AndrewP wrote:
I'm afraid I cannot work out how to parallelise the adders. Doesn't the first addition have to fully happen before the second can start using it? It would be great if that's possible as looking at the full blitter cycle I have a lot of time used already and a lot less nanoseconds to play with than I thought.
The first set of adders is computing A+B where A is a constant and B is the accumulated value. The second set is then computing (A+B)+C, where C is another constant. So the second set is computing (A+C)+B - and A+C is also constant and could be provided by the CPU instead of DEST_WIDTH (or calculated by the circuit with another set of adders).
Quote:
I've been so focused on stretching smaller to larger that I hadn't thought about shrinking. I glad you pointed out that run-slice is way more optimal there, thanks. Mip-maps would help (maybe to the point that I don't need run-slice) but there's also a palette involved so it's a tad trickier but quite solvable. Why would I not want run-slice? I have an (unfounded) suspicion I could use the bresenham line ICs backwards with minimal effort to shrink a sprite and I really would like to cut down the number of ICs I'm using. Gah, trade-offs.
I thought about this before, especially that maybe we can just swap the inputs to the calculator and swap the meanings of the outputs.
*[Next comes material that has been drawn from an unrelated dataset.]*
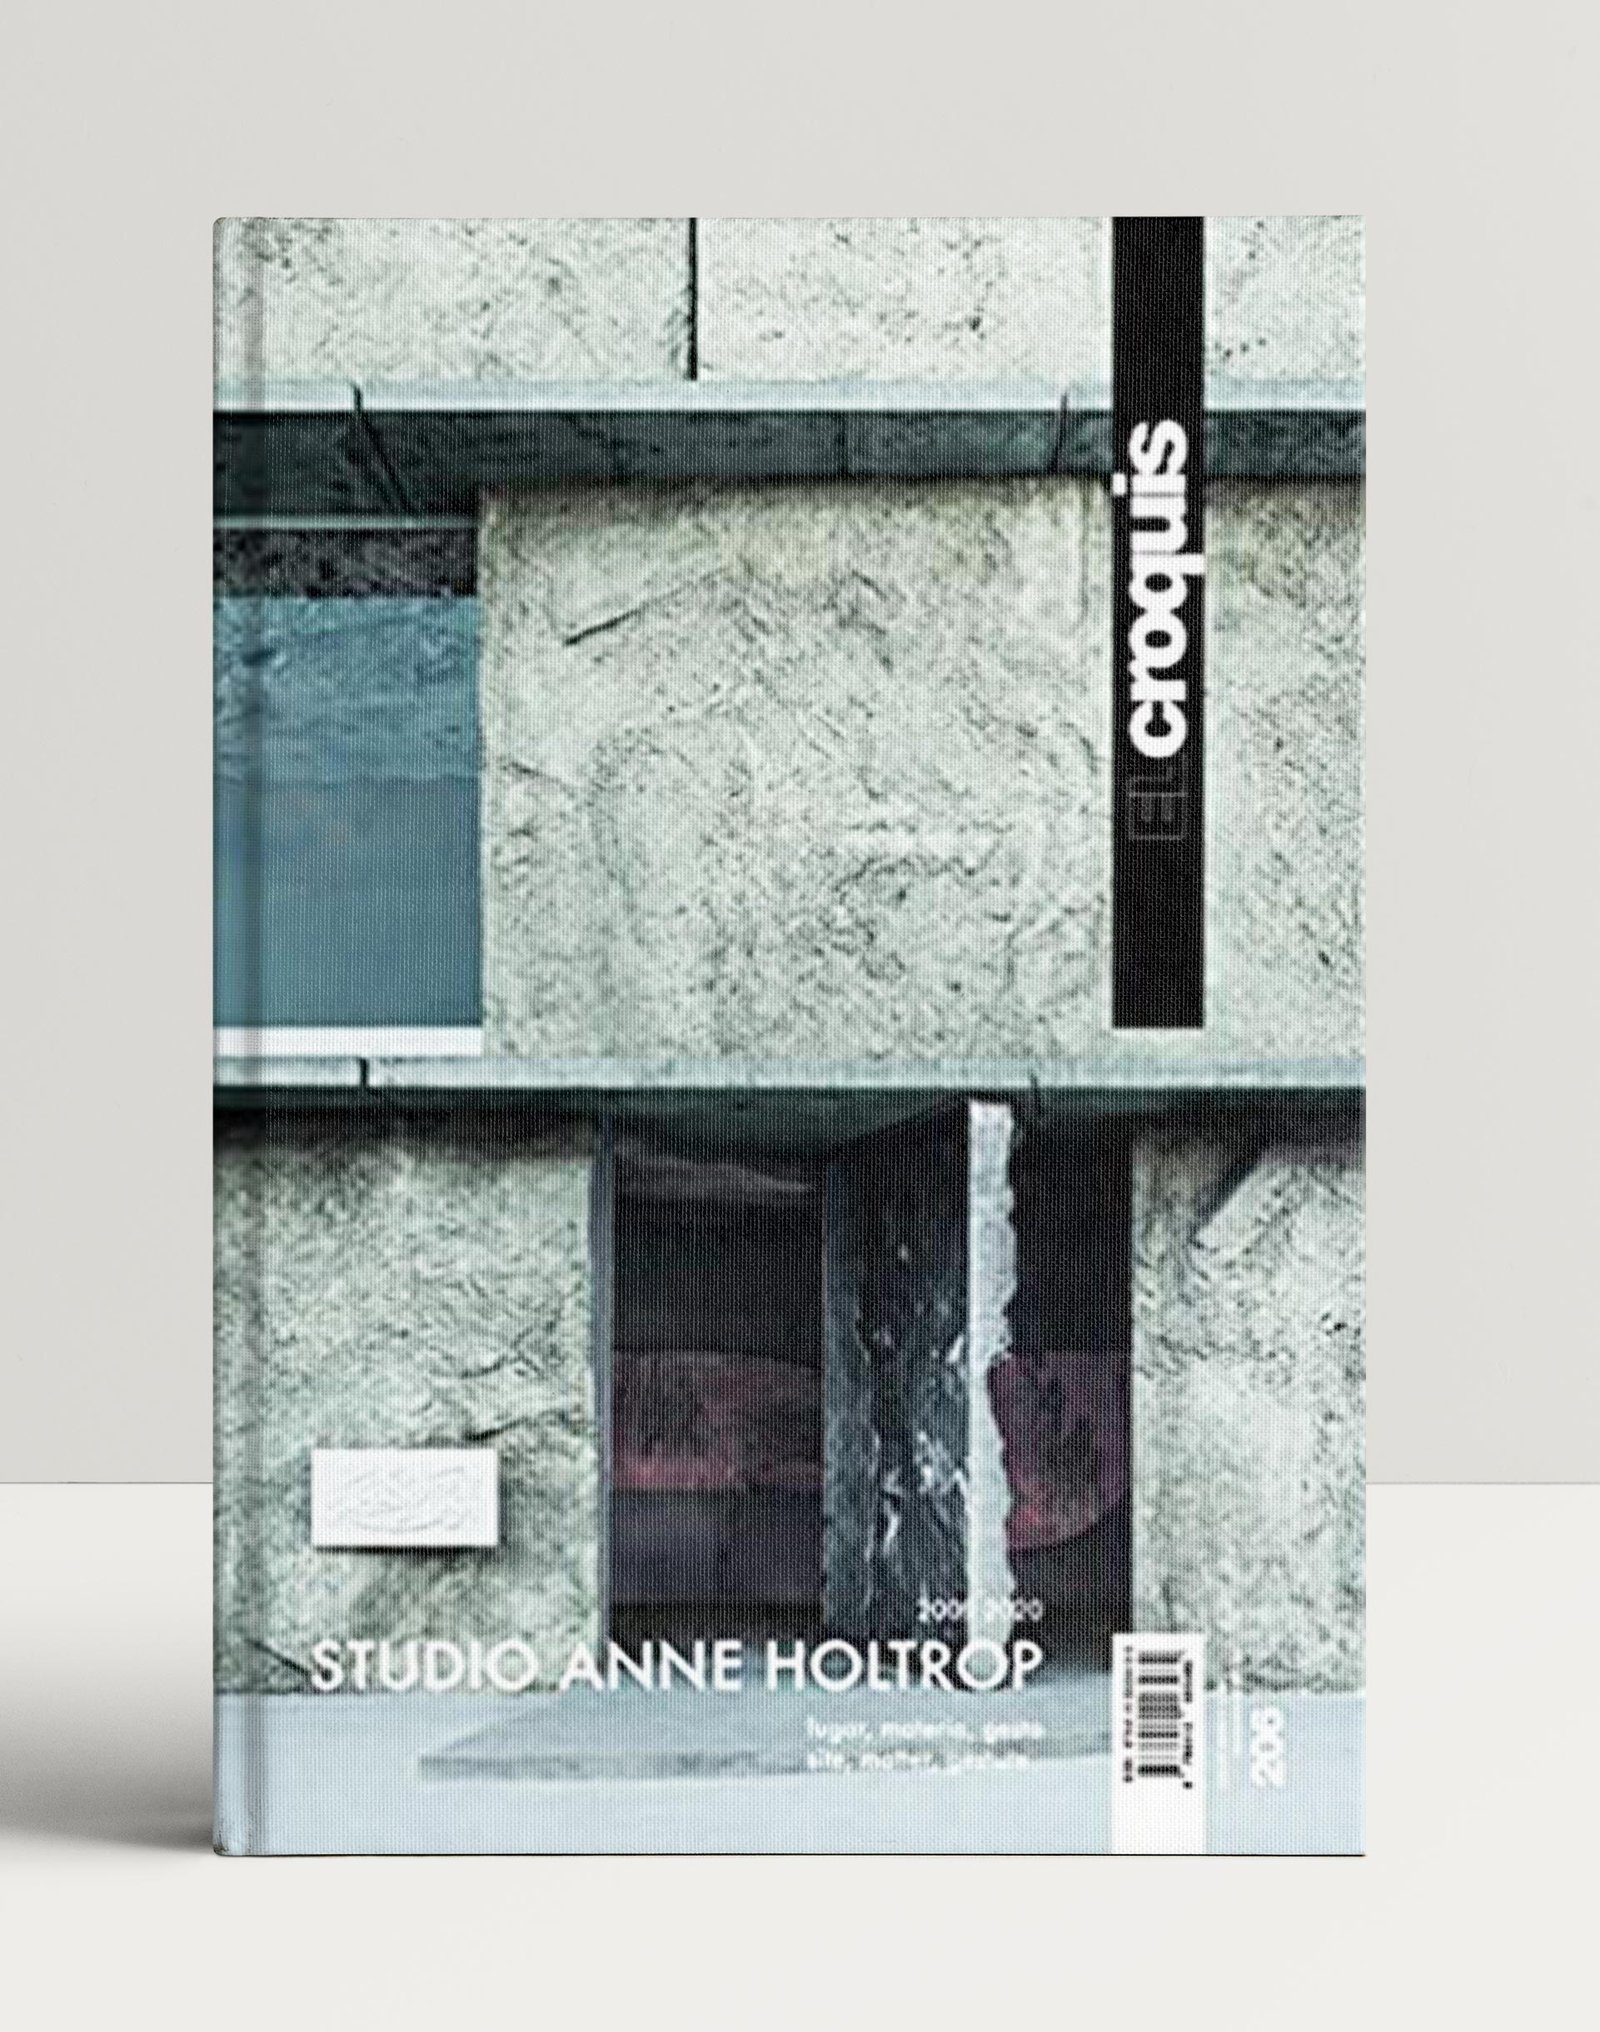 El Croquis 206: Studio Anne Holtrop (2009-2020)

The problem is that it will still iterate over all of the source pixels, even if it doesn't need to use them (because they get overwritten at the destination), and that's fundamental if the source address is tracked by a counter. If you want to skip source pixels then you need to be able to add other values to it instead of just 1. So there will be a hardware change needed to the way the source address is stored/updated.
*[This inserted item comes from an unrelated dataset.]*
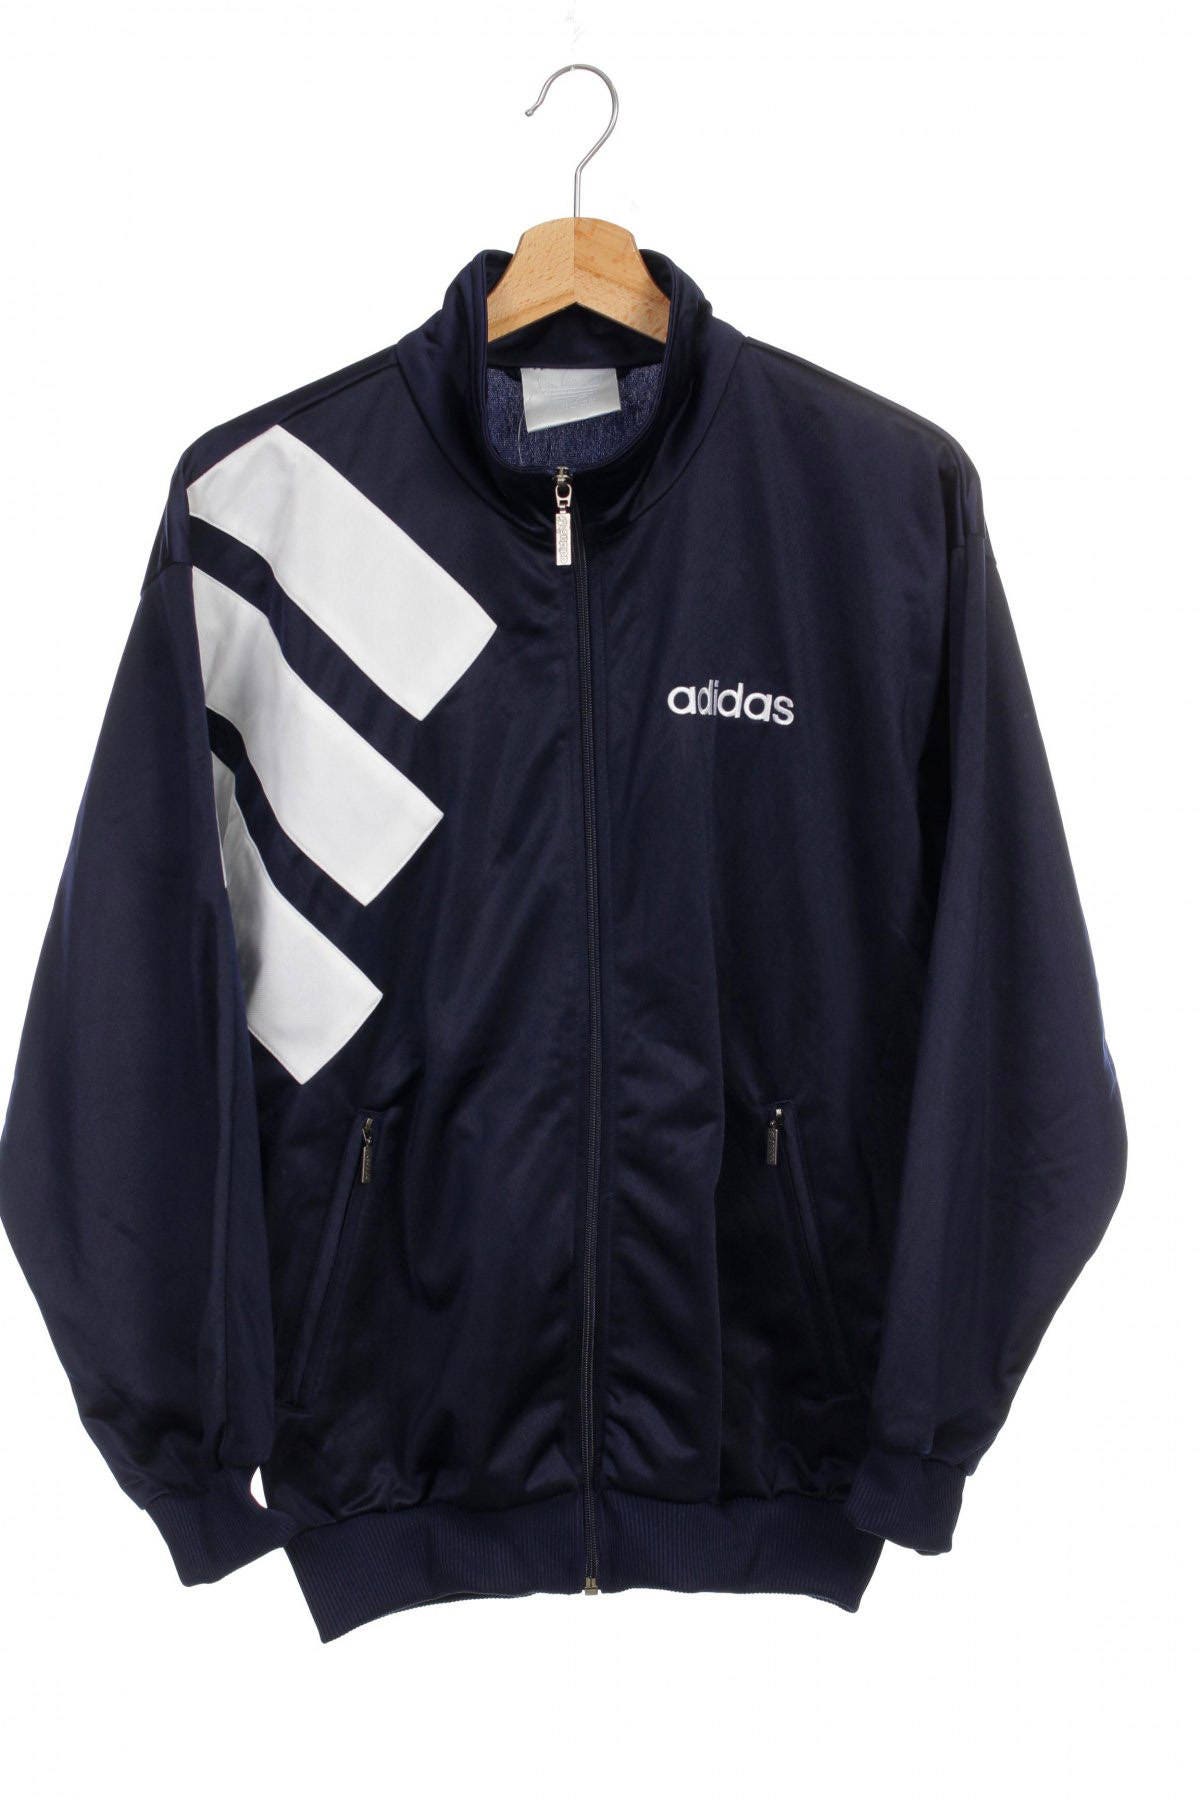 Adidas Jacket 90s. Adidas Jacket 90. Adidas Vintage track Jacket Mens. Куртка adidas Trek. Adidas tracking

Which values do we add? Well in normal operation for a stretch, you are adding 1 to the destination address every cycle, and either 0 or 1 to the source address, depending on the error term overflowing. For a squash, you can do the same thing, incrementing the destination every cycle, but add N or N+1 to the source address, instead of 0 or 1.
I think N is (SOURCE_WIDTH-1)/(DEST_WIDTH-1) rounded down, and you then need to supply R = (SOURCE_WIDTH-1) % (DEST_WIDTH-1) + 1 as input to the Bresenham part of the circuit instead of the full source width. I'm not sure about the "-1" bits, it feels weird but seems necessary, a bit like how you have to subtract one from the source width for the stretching calculation as well.
So given 17 source pixels to squash into 4 destination pixels, N would be 5 and R would be 2. So it's like stretching 2 source pixels over the 4 destination pixels, except after every pixel written we also increase the source address by N=5.
Here's a comparison between stretching 2 pixels over 4, and squashing 17 pixels into 4, to illustrate that - note that the squashing source addresses are just incrementing by an extra 5 each step:
Code:
Stretching 2 pixels over 4: s0 => d0, s0 => d1, s1 => d2, s1 => d3.
Squashing 17 pixels into 4: s0 => d0, s5 => d1, s11 => d2, s16 => d3.